Who is talking about cichlids here


----------



## elTwitcho

The biggest issue I see here is that piranhas are diurnal while wolfish are naturally nocturnal. By night those piranhas are going to be sleeping on the bottom of the tank and you've got this big ole set of teeth swimming around looking for a meal. I personally wouldn't attempt it but it's up to you. Just know that either fish could do serious injury to the other, your piranhas eating the wolfish might not tbe the only thing you need to worry about


----------



## xufury

my two piranha are alittle bigger than the wolffish. I had mixed one wolf fish with my american cichlid before and the wolf fish never paid any attention to other fish that are similar or bigger fish, but only problem when tried to feed him coz wolf fish usually state in the bottom and the other fish alway took all the food.



elTwitcho said:


> The biggest issue I see here is that piranhas are diurnal while wolfish are naturally nocturnal. By night those piranhas are going to be sleeping on the bottom of the tank and you've got this big ole set of teeth swimming around looking for a meal. I personally wouldn't attempt it but it's up to you. Just know that either fish could do serious injury to the other, your piranhas eating the wolfish might not tbe the only thing you need to worry about
> [snapback]1041650[/snapback]​


----------



## harrykaa

jan said:


> Who is talking about cichlids here


So jan,

What are people here talking about?
The real wolfish (Anarhichas denticulatus), which is a perch-like 6' maritime fish?
Here is the a link:
FISHBASE - Wolffish

I meant wolf cichlid (Nandopsis dovii), a 20" aquarium fish.
Here is the link:
Aquahobby - Wolf cichlid

Regards,


----------



## elTwitcho

harrykaa said:


> jan said:
> 
> 
> 
> Who is talking about cichlids here
> 
> 
> 
> So jan,
> 
> What are people here talking about?
> The real wolfish (Anarhichas denticulatus), which is a perch-like 6' maritime fish?
> Here is the a link:
> FISHBASE - Wolffish
> 
> I meant wolf cichlid (Nandopsis dovii), a 20" aquarium fish.
> Here is the link:
> Aquahobby - Wolf cichlid
> 
> Regards,
> [snapback]1042845[/snapback]​
Click to expand...

wolfish, Hoplias Malabaricus.

http://www.thetropicaltank.co.uk/Fishindx/tigrfish.htm

And I was wrong, they're not nocturnal apparently. However, they do eat piranha in their natural environment, so I still think it's not a logical pairing


----------



## Rollerzonly59

had 6 red bellies about 6 inches at the time... maybe a little less and 2 wolf fish around 6 inches.... the wolf fish kept to themselves and stayed at the other side of the tank. went to work on my car for about 30 minutes and couldnt find the wolf fish anywhere... one was at the top of the tank with a chunk missing from his side... the other one was completely eaten alive with the exception of his head! the LFS owner told me P's and wolfs get along... but definately the red bellies will f*ck up any wolf fish in the tank


----------



## harrykaa

Rollerzonly59 said:


> had 6 red bellies about 6 inches at the time... maybe a little less and 2 wolf fish around 6 inches.... the wolf fish kept to themselves and stayed at the other side of the tank. went to work on my car for about 30 minutes and couldnt find the wolf fish anywhere... one was at the top of the tank with a chunk missing from his side... the other one was completely eaten alive with the exception of his head! the LFS owner told me P's and wolfs get along... but definately the red bellies will f*ck up any wolf fish in the tank


Yes indeed,

I second to that..
if we are talking about a Tiger Tetra (Hoplias).
Anyway that Piranha eating seems to be gross exaggeration unless we mean a big Tiger Tetra eating a baby Piranha as a whole, but then again any big cichlid can also eat small baby (1") Piranhas...

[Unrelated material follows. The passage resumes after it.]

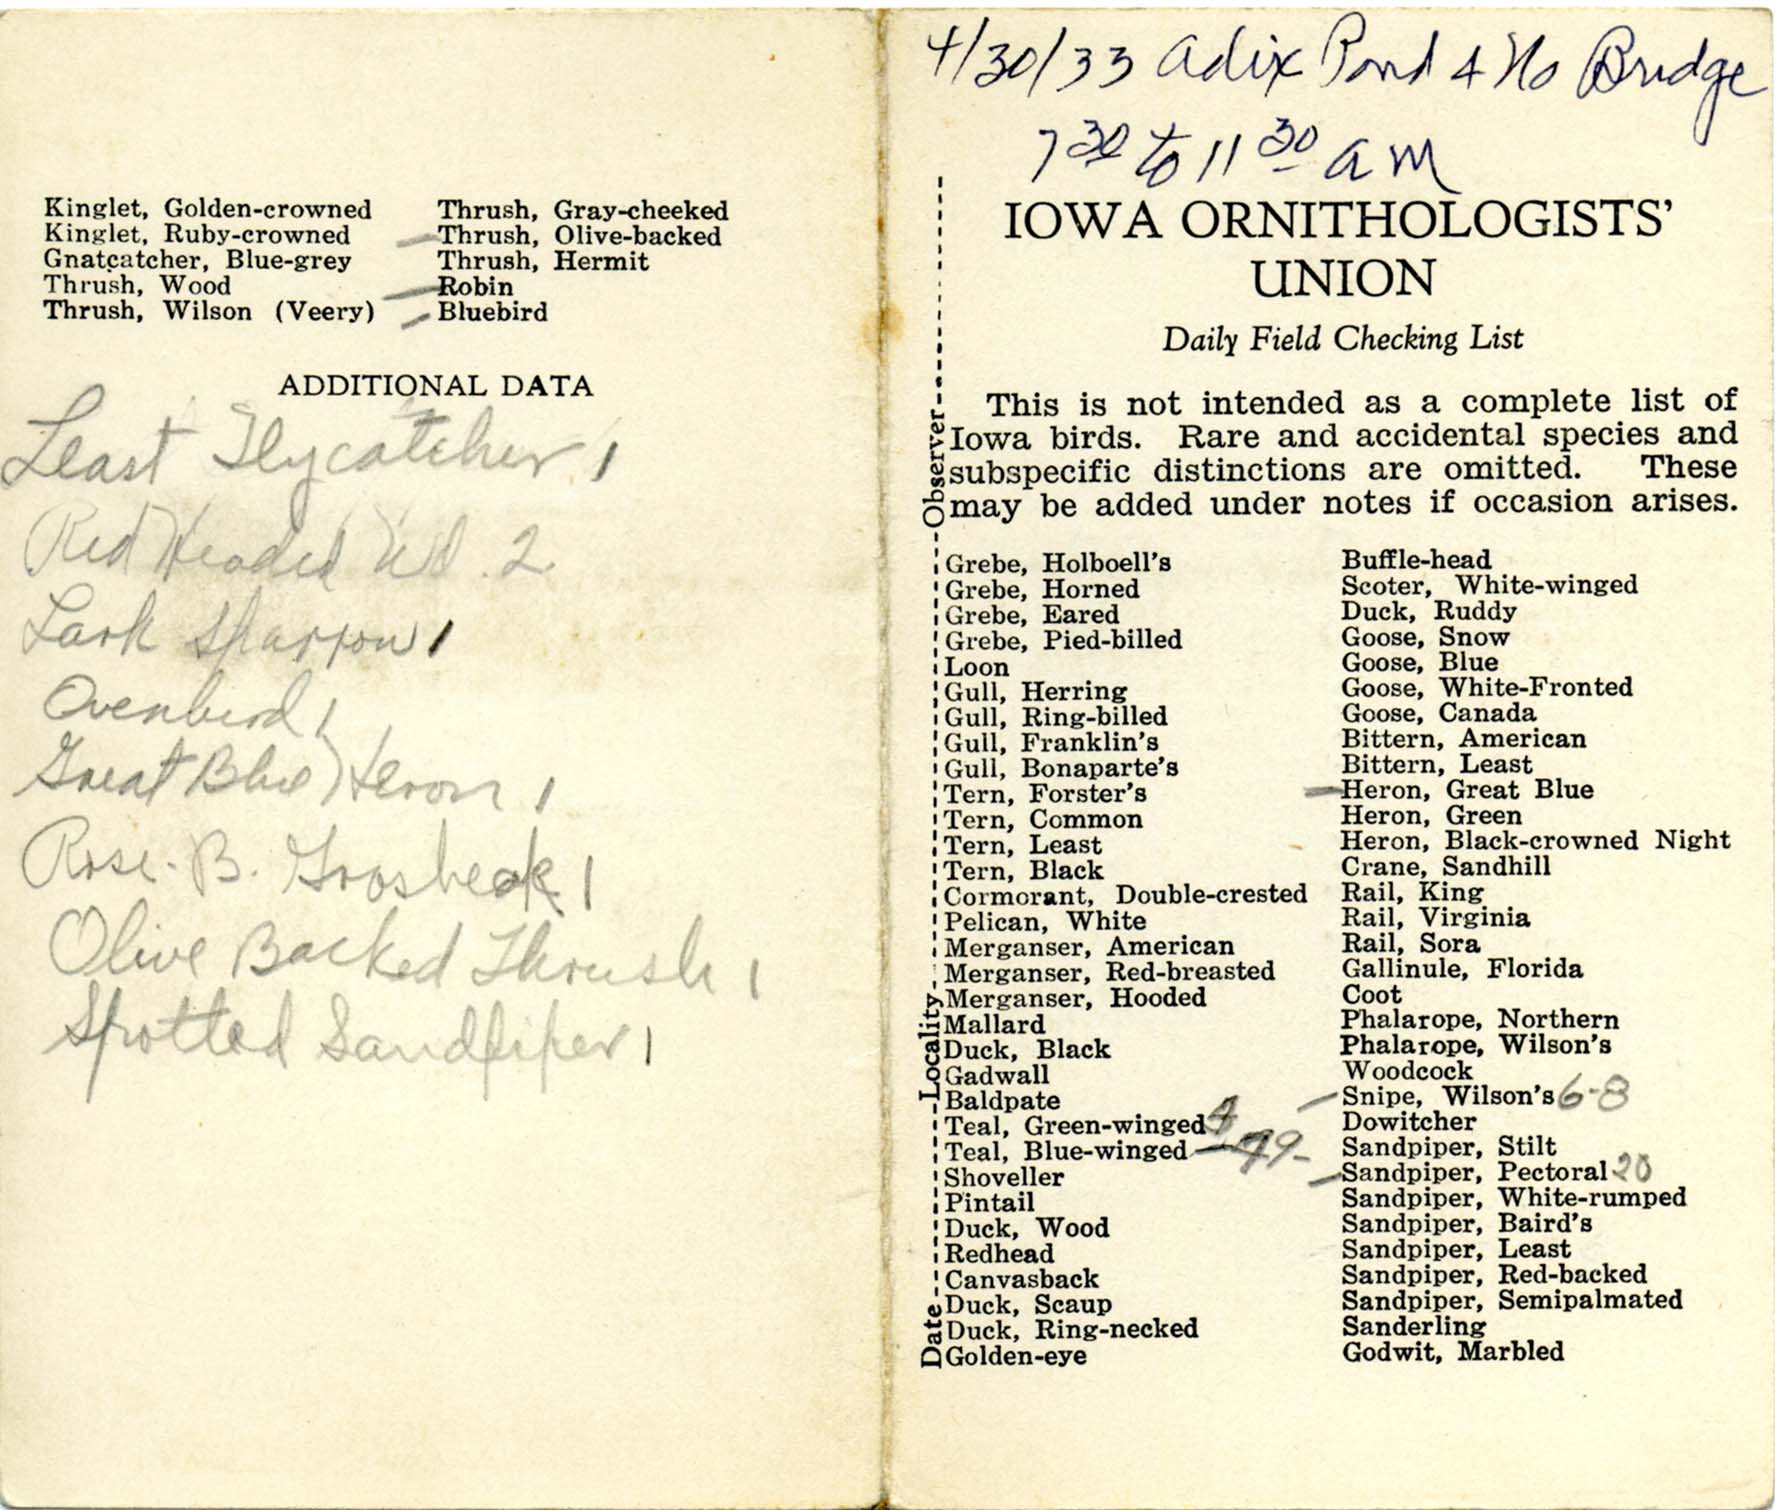 Daily field checking list, Walter Rosene, April 30, 1933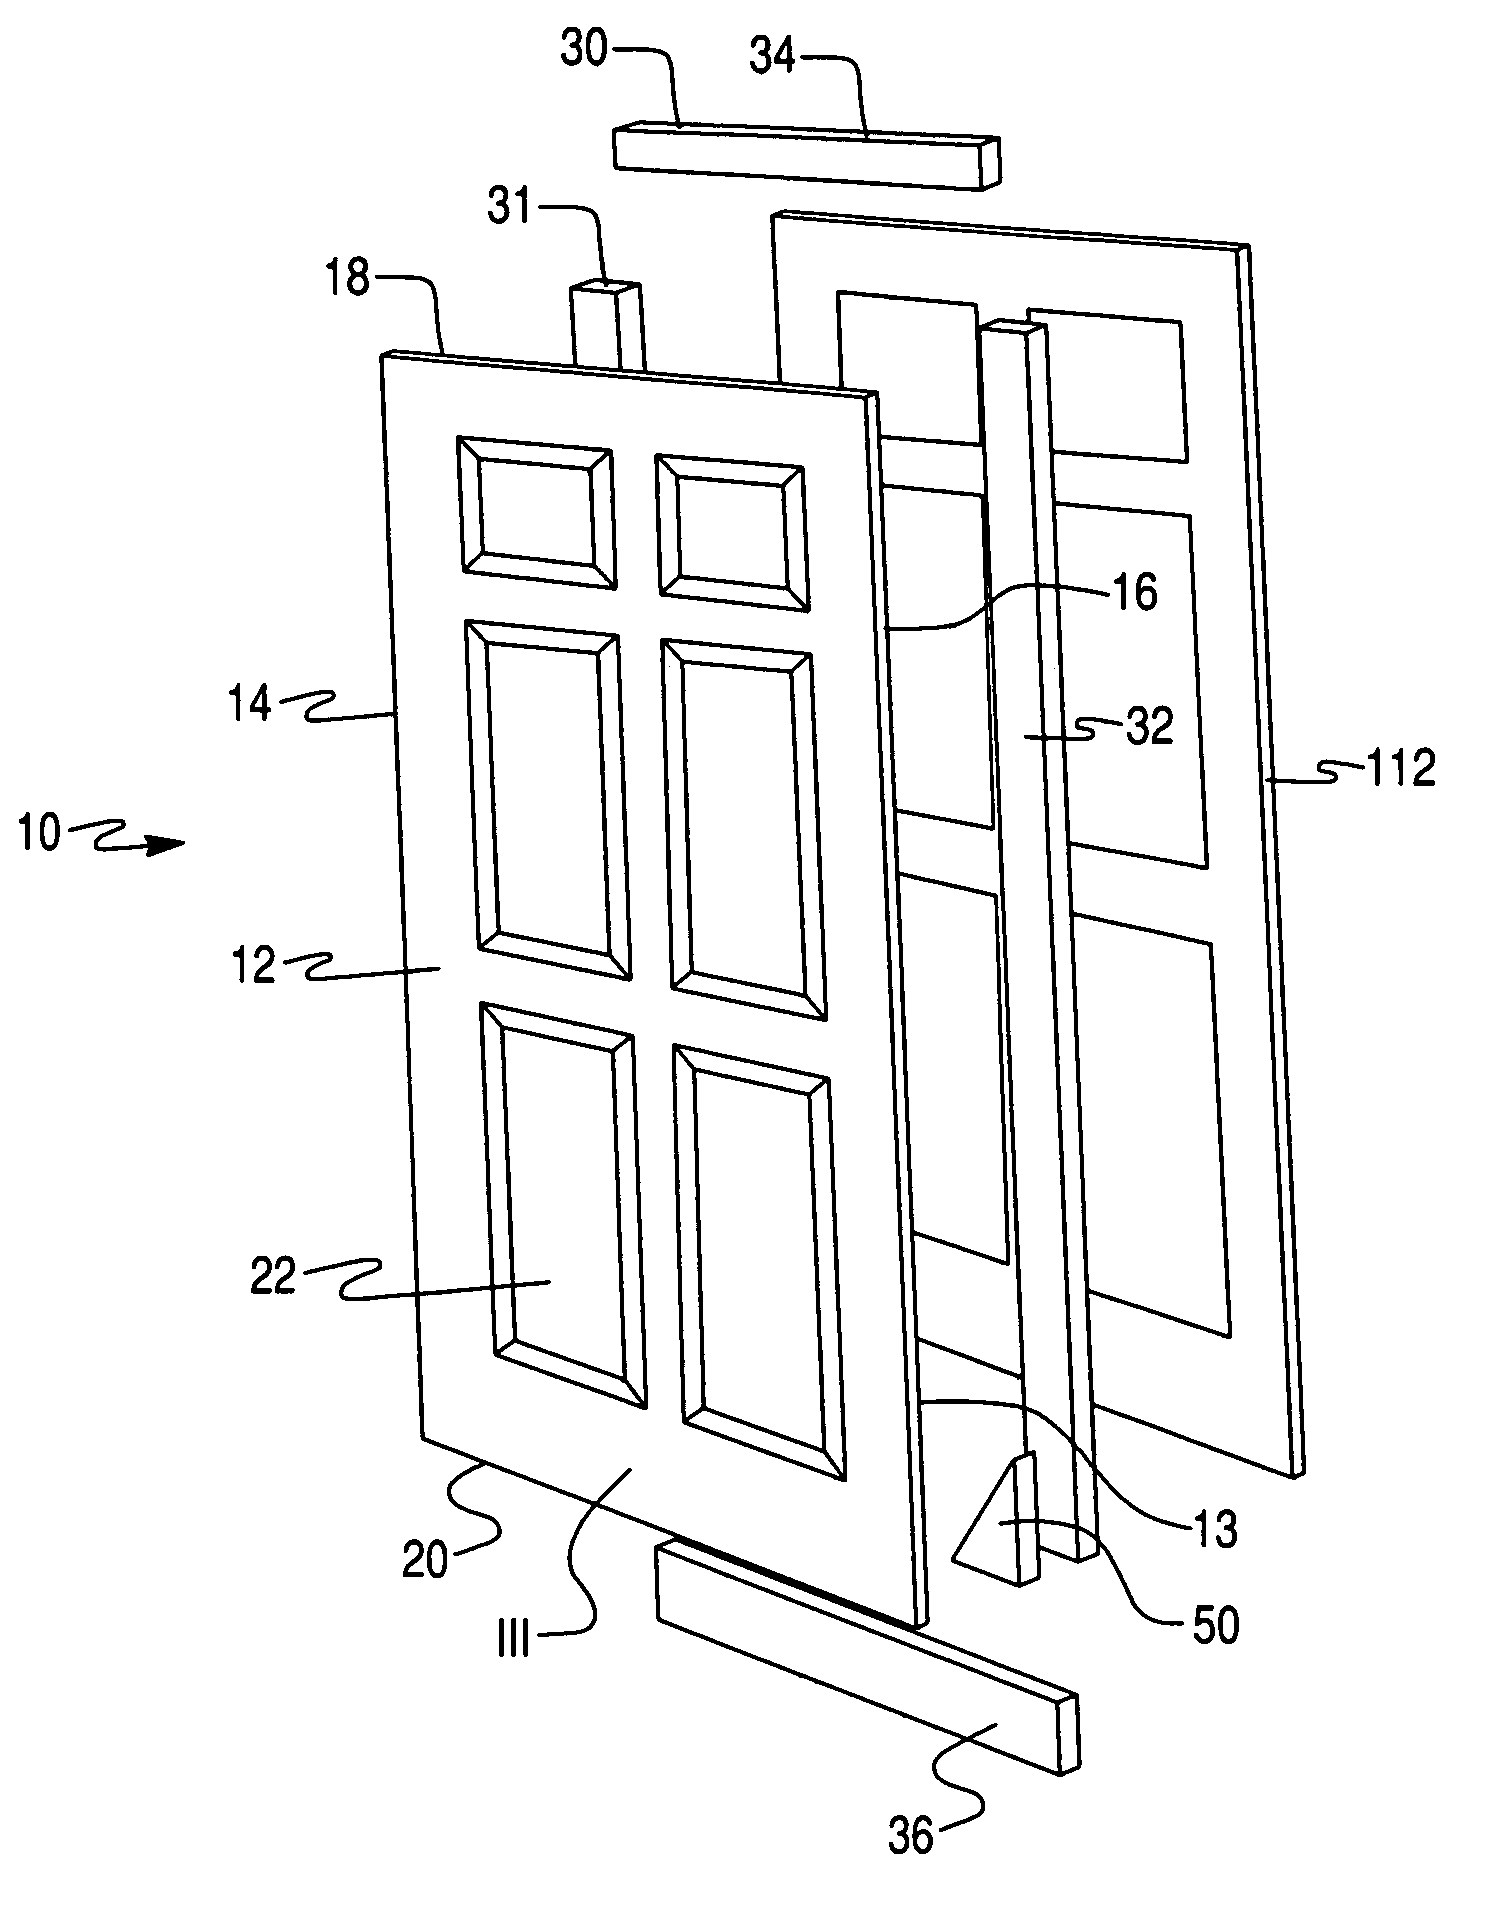 Composite door structure and method of forming a composite door structure

Forgive me that, just had to write in down.

Regards,

BTW
Here is something more about a true Wolf Fish:
UK Online - Wolf Fish


----------



## xufury

almost a week past now, my woffish(tiger tetra) had jump out the tank two time but fortunely it still alive and my two pirahna don't seem have any interest on him just leave him along at the bottom.


----------



## CROSSHAIR223

From all that I've read and with all the responses I think it's just a good old plain gamble. If you like both fish but aren't too terribly worried about replacing one or the other then I wouldn't worry. On the flipside of that coin though I wouldn't be too terribly suprised if you look in the tank someday and someone is gone or seriously injured. If you can post some pics!


----------



## xufury

I agree with you in some point. no thing can be sure when putting agressive fish in the community tank. I used to have 5 rb and one piraya but now only one rb and the piraya, rest of my rb all got ate. I will try to post their pix later. Thank you for all of your command.



CROSSHAIR223 said:


> From all that I've read and with all the responses I think it's just a good old plain gamble. If you like both fish but aren't too terribly worried about replacing one or the other then I wouldn't worry. On the flipside of that coin though I wouldn't be too terribly suprised if you look in the tank someday and someone is gone or seriously injured. If you can post some pics!
> [snapback]1044499[/snapback]​


----------



## CROSSHAIR223

Lol Piraya's hahah mean little bastards. I just got a small school of 6. Even as babies these dudes are ruthless. I don't even think this one was hungry but a big feeder bumped into him and he bit the entire front face off back to the eyes. Mr goldie lived for about 1 more minute with a huge migraine before his buddies found him and uhhh..........yeah we all know the rest.


----------



## Killa RedZ

Naa dogg that Wolf Fish is a gonner!


----------



## benJii

i dunno man, i give u props for trying this, but i think something is just gunna get ripped up


----------



## xufury

Hey guys, guess what! my wolf fish decided to killed him self by jumped out of the tank. I found him on the floor in the morning and was still breathing. but it die few days later.


----------



## hastatus

> xufury Posted Today, 10:30 AM
> Hey guys, guess what! my wolf fish decided to killed him self by jumped out of the tank. I found him on the floor in the morning and was still breathing. but it die few days later.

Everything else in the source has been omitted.